The Influenza was named flu, which was given by Gagliarde in 1733. The term "Influenza" first appeared in the UK in 1743 [1].
Since the 6th century, there has been a record of influenza epidemics in almost every century. The 1918 flu (the so-called Spanish flu) was by far the most devastating pandemic in the world, infecting more than half the world's population and killing an estimated 20 to 50 million people. The flu swept through Eurasia and also invaded Africa and Oceania [2]. In addition, there were three influenza pandemics in the 20th century, It occurred from 1946 to 1947, from 1957 to 1958 (Asian flu), and from 1968 to 1969 (Hong Kong flu).The pandemics of 1957 and 1968 led to more than 4 million deaths and more than 1 million deaths (38,252), respectively.
Influenza virus is an RNA virus of Orthomyxoviridae. The influenza virus is spherical, and the newly isolated strain is mostly filamentous, with a diameter between 80 and 120 nanometers, and a filamentous influenza virus with a length of up to 400 nanometers. Influenza viruses include human influenza viruses and animal influenza viruses. Human influenza viruses are divided into type A, B and C, which are the pathogens of influenza.
Influenza A virus is an RNA virus with an eight-segment, single-stranded, negative-sense genome, belonging to the Orthomyxoviridae family. All subtypes of influenza A are known to exist in birds, particularly in waterfowl, and the virus can infect other animals such as pigs, horses, seals, whales and minks.

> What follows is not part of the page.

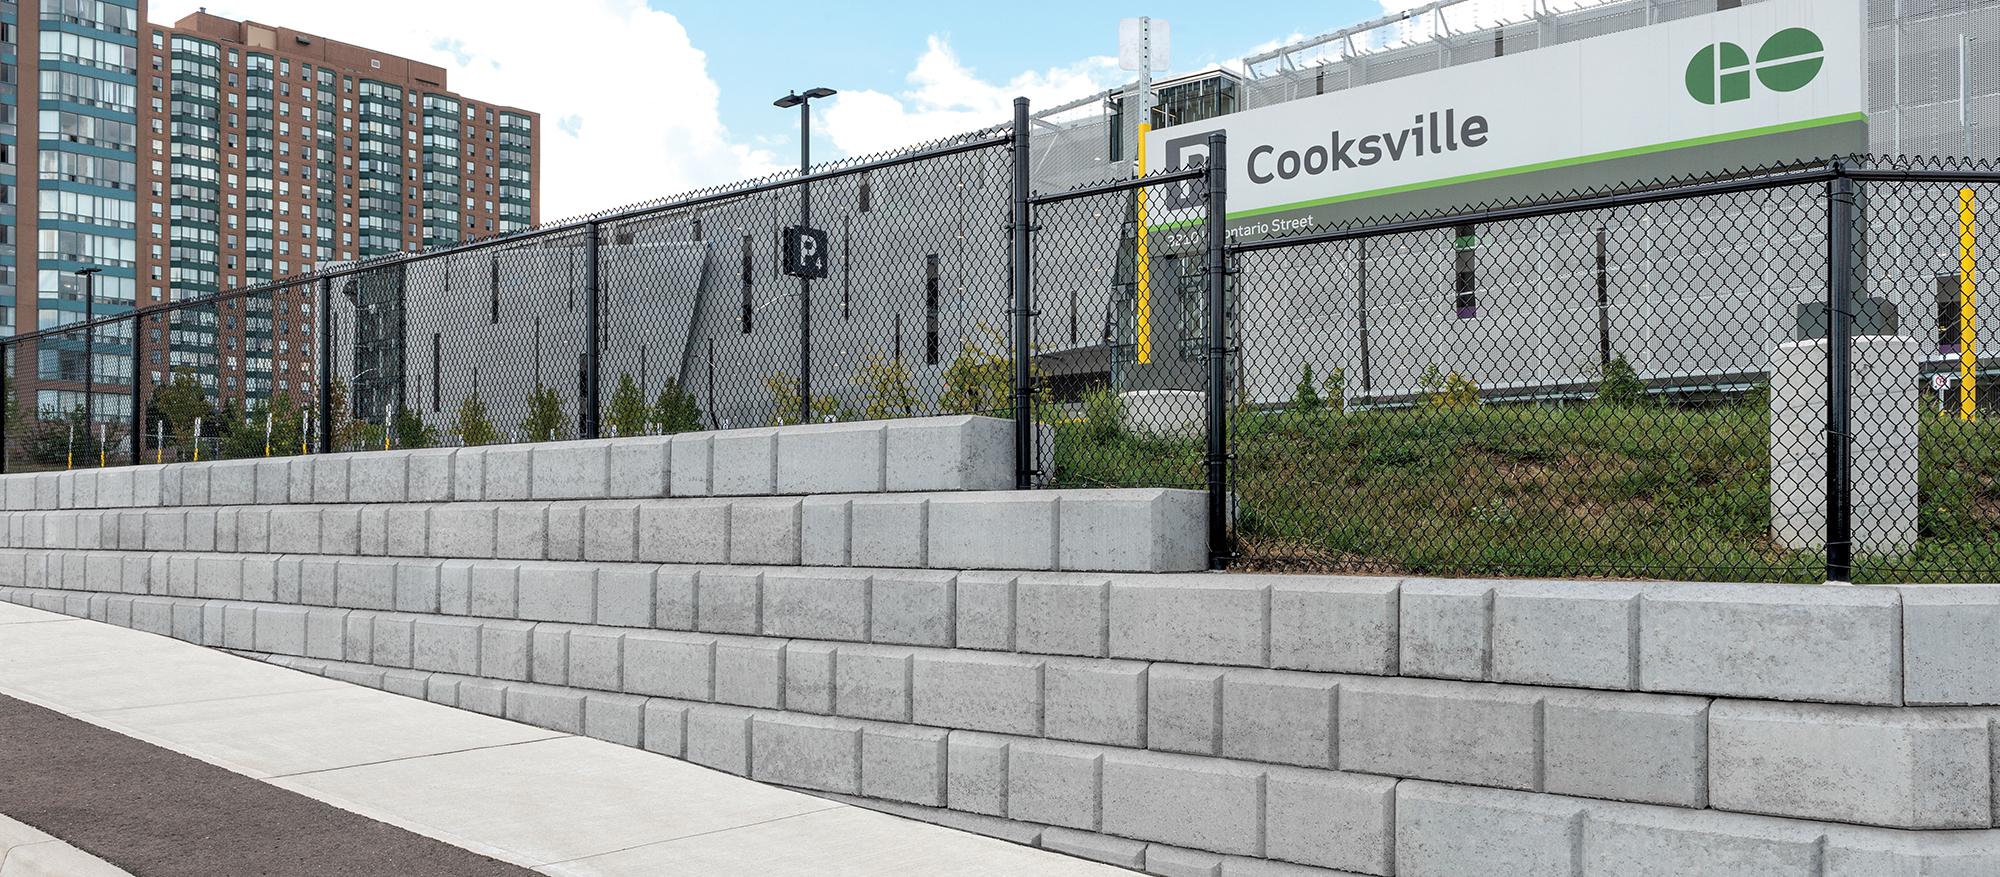 A retaining wall built with grey Dura-Hold blocks borders the perimeter of Cooksville Go station, complete with a black chain-link fence.

The influenza A virus genome consists of eight gene segments encoding 10 proteins: hemagglutinin (HA), neuraminidase (NA), matrix proteins M2 and M1, non-structural proteins NS1 and NS2, nucleocapsid and three A polymerase PB1 (polymerase basic 1), PB2 and PA (polymerase acid) protein [3]. According to the protein structure of hemagglutinin (HA) and neuraminidase (NA) on its surface, it can be divided into many subtypes. So far, influenza A virus has found 16 subtypes of hemagglutinin and 9 subtypes of neuraminidase.
Avian Influenza: Avian influenza (AI) is an influenza A virus. Avian influenza viruses generally only infect birds. This interspecific transmission disorder is thought to be determined by a variety of viral genetic determinants, including viral HA and NA genes, as well as other internal genes such as nuclear proteins and PB2 genes. When the virus undergoes genetic reassortment during replication, resulting in structural changes, it is possible to acquire the ability to infect humans. The avian influenza virus subtypes that can directly infect humans are: H5N1, H7N1, H7N2, H7N3, H7N7, H9N2 and H7N9 subtypes.

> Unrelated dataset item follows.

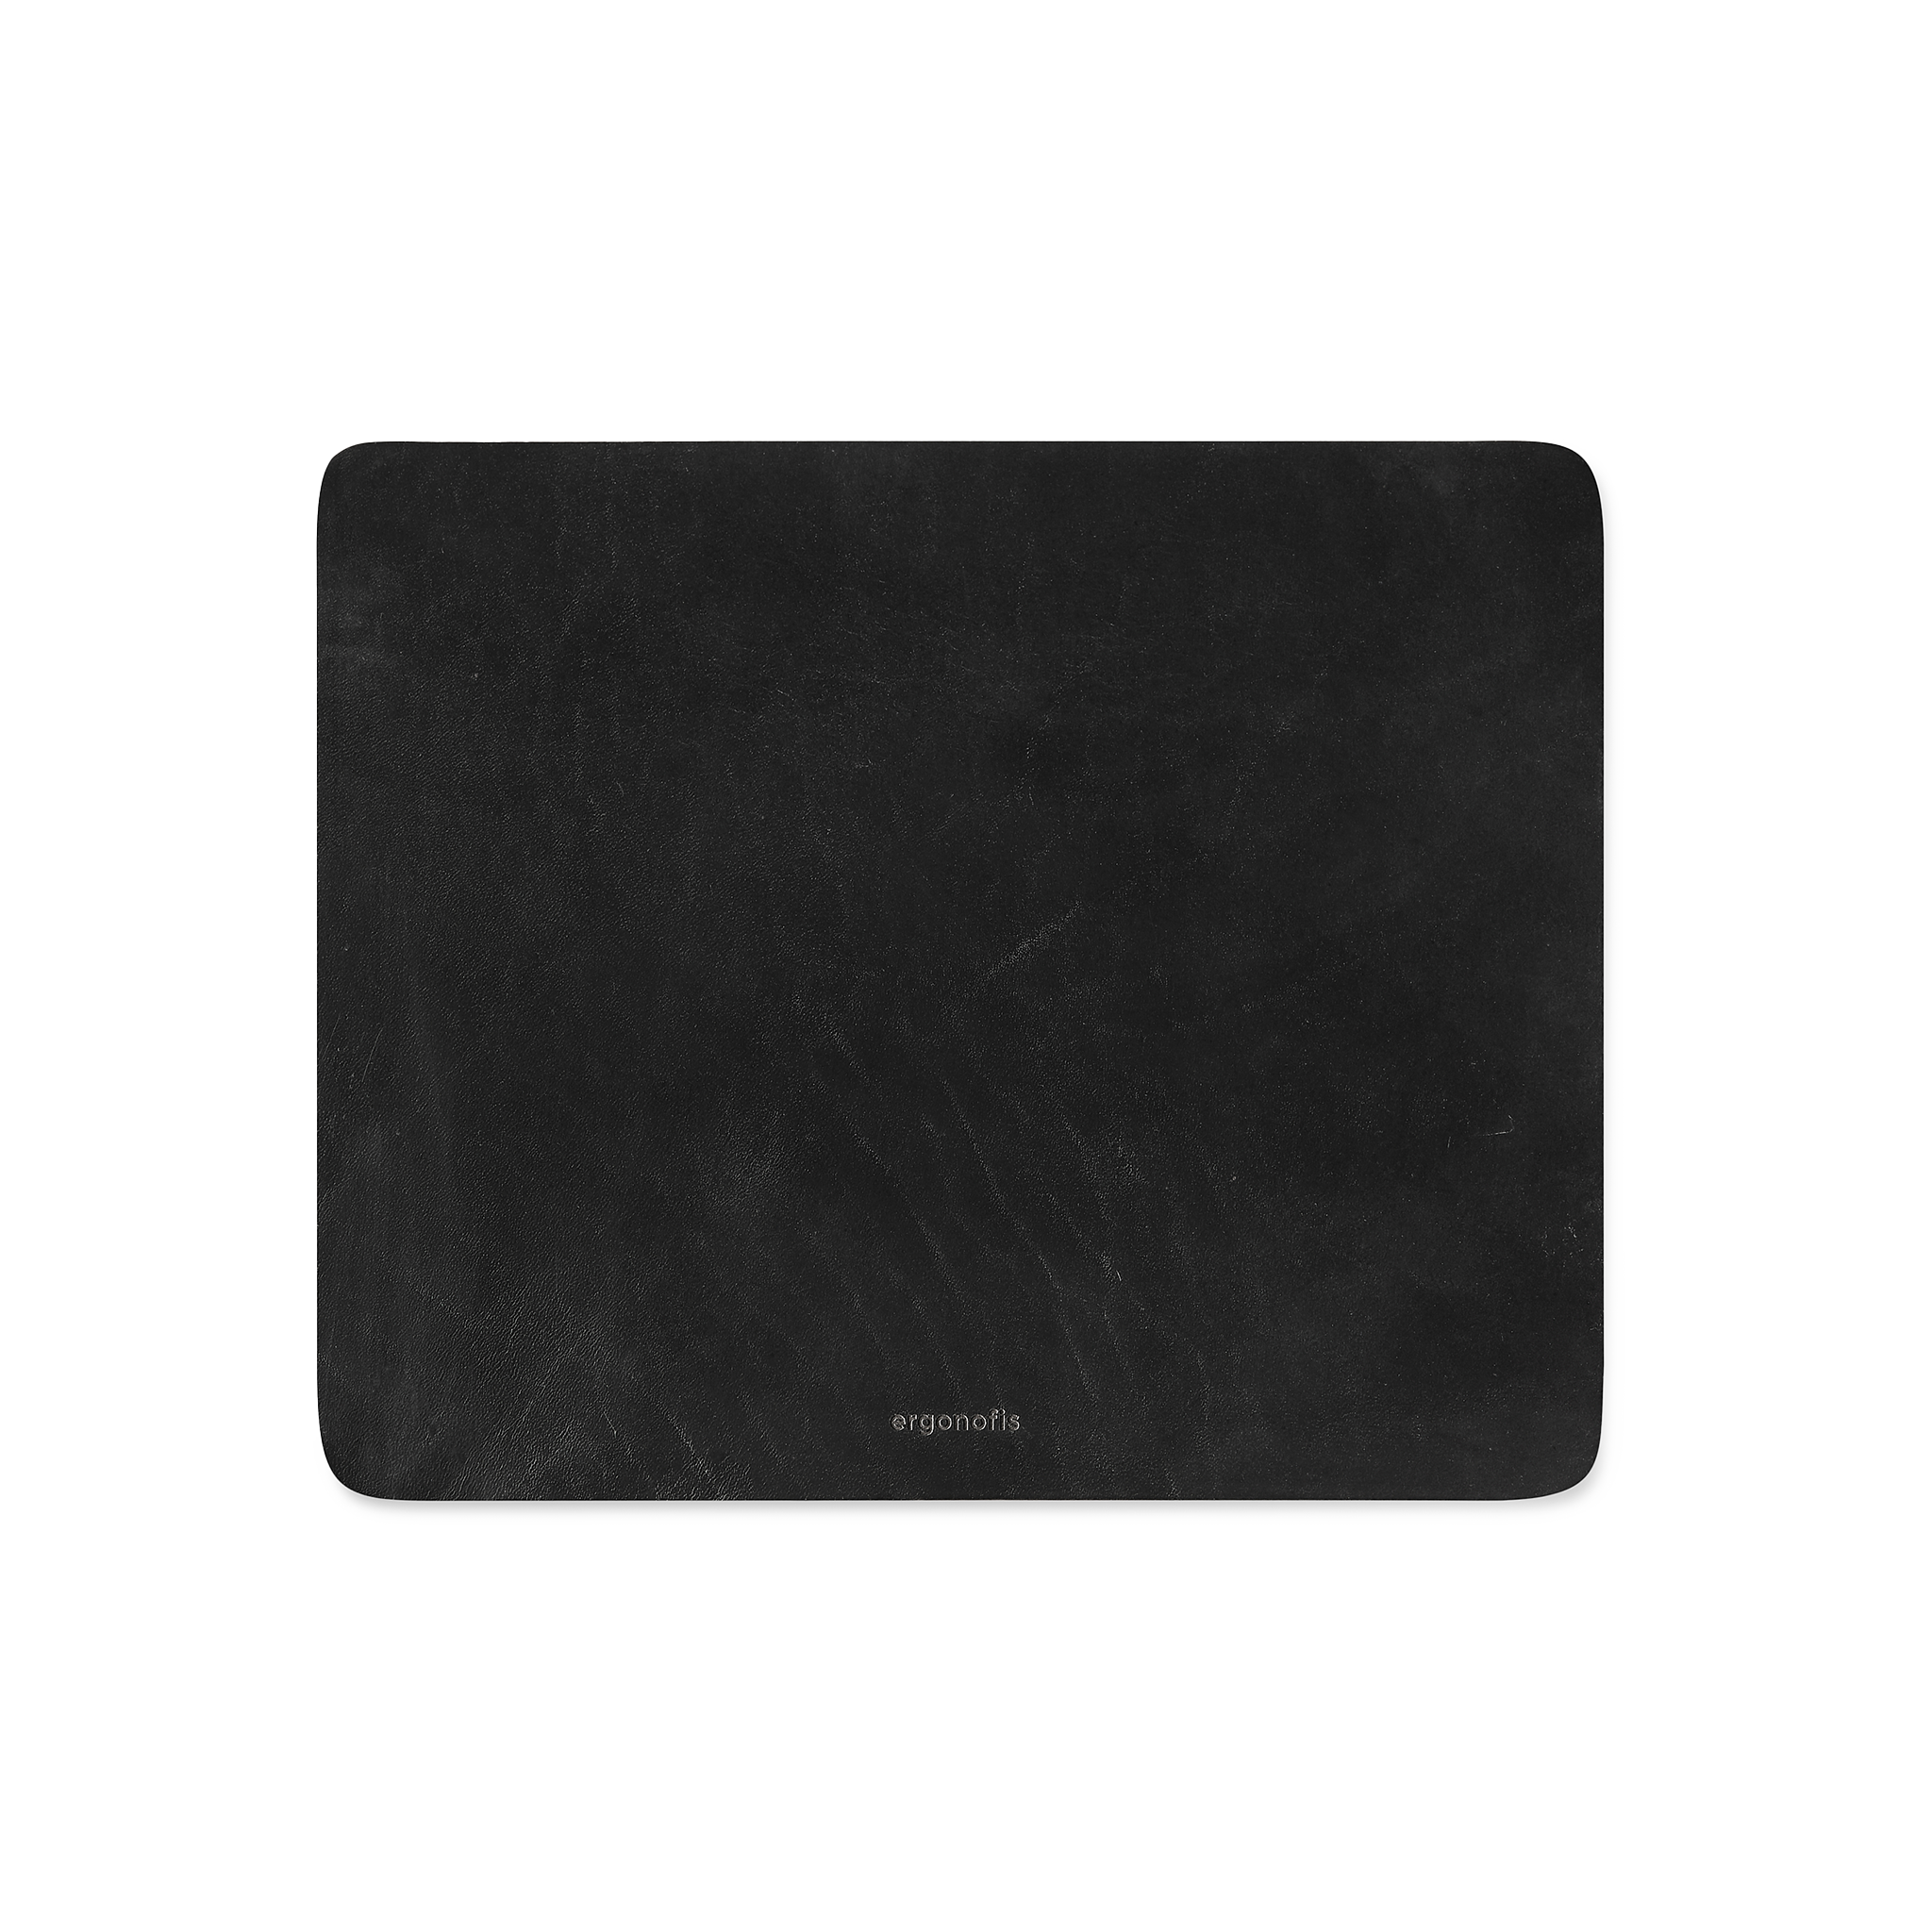 Almost Perfect Leather mouse pad - Black - Noir

Swine Influenza: Swine influenza (SI) is an acute, highly contagious, swine respiratory disease caused by the swine influenza virus of the Orthomyxoviridae, which is widely prevalent in pigs. The swine influenza virus is an influenza A virus. The main virus types are the classic swine H1N1, avian H1N1 and human H3N2 strains.
Both human influenza viruses and avian influenza viruses have established stable viral lineages in pigs, which may reflect the presence of both avian and human influenza virus receptors in pig epithelial cells [4]. For these reasons, pigs are considered to be possible intermediate hosts (mixed containers) for the production of pandemic influenza viruses by recombination [5]. The study [6] showed that the H1N1 virus genome is a mixture of avian influenza, swine flu and human influenza virus genes.
Type A influenza virus often has antigenic variation, which is highly contagious and spreads rapidly, and can easily occur large-scale epidemics. Many influenza pandemics in history have been caused by influenza A viruses.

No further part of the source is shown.